Stored entries:
*** Block opens ***

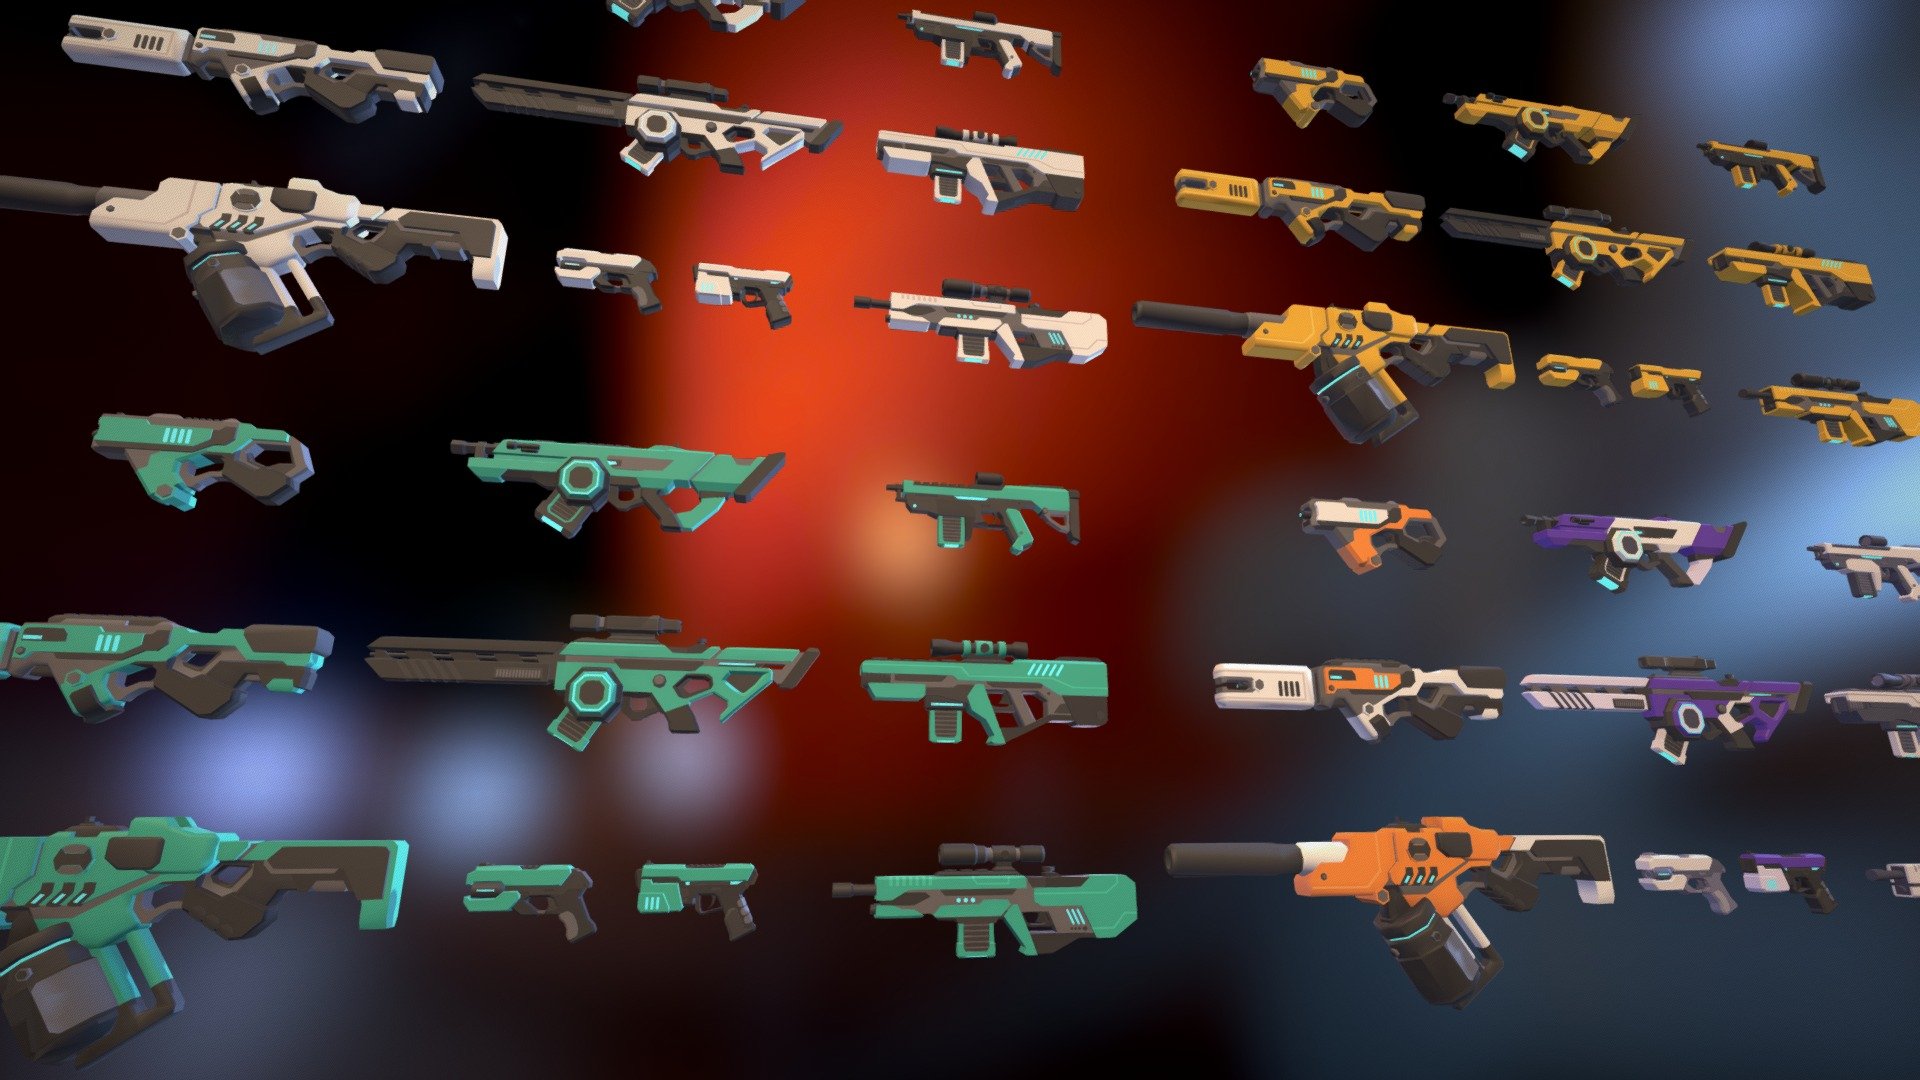 3D Props Sci-fi Gun Pack1

It's a low-poly style gun that can be applied to Sci-fi genres of game production.
This package contains total of 40 FBX Items.

◼ Key Features ◼

• 40 FBX Items as 3D Sci-fi Gun Modeling
• 40 Sources as FBX
• Material and Texture Workflow

◼ Asset Includes ◼

Sci-fi Guns - 3D Props - Sci-fi Gun1 - Buy Royalty Free 3D model by layerlab 3d model

*** Block closes ***

## EXERCISE BRIEF
Output the data exactly as it is, with the pictures dropped.

## REPLY TO THE EXERCISE
 3D Props Sci-fi Gun Pack1

It's a low-poly style gun that can be applied to Sci-fi genres of game production.
This package contains total of 40 FBX Items.

◼ Key Features ◼

• 40 FBX Items as 3D Sci-fi Gun Modeling
• 40 Sources as FBX
• Material and Texture Workflow

◼ Asset Includes ◼

Sci-fi Guns - 3D Props - Sci-fi Gun1 - Buy Royalty Free 3D model by layerlab 3d model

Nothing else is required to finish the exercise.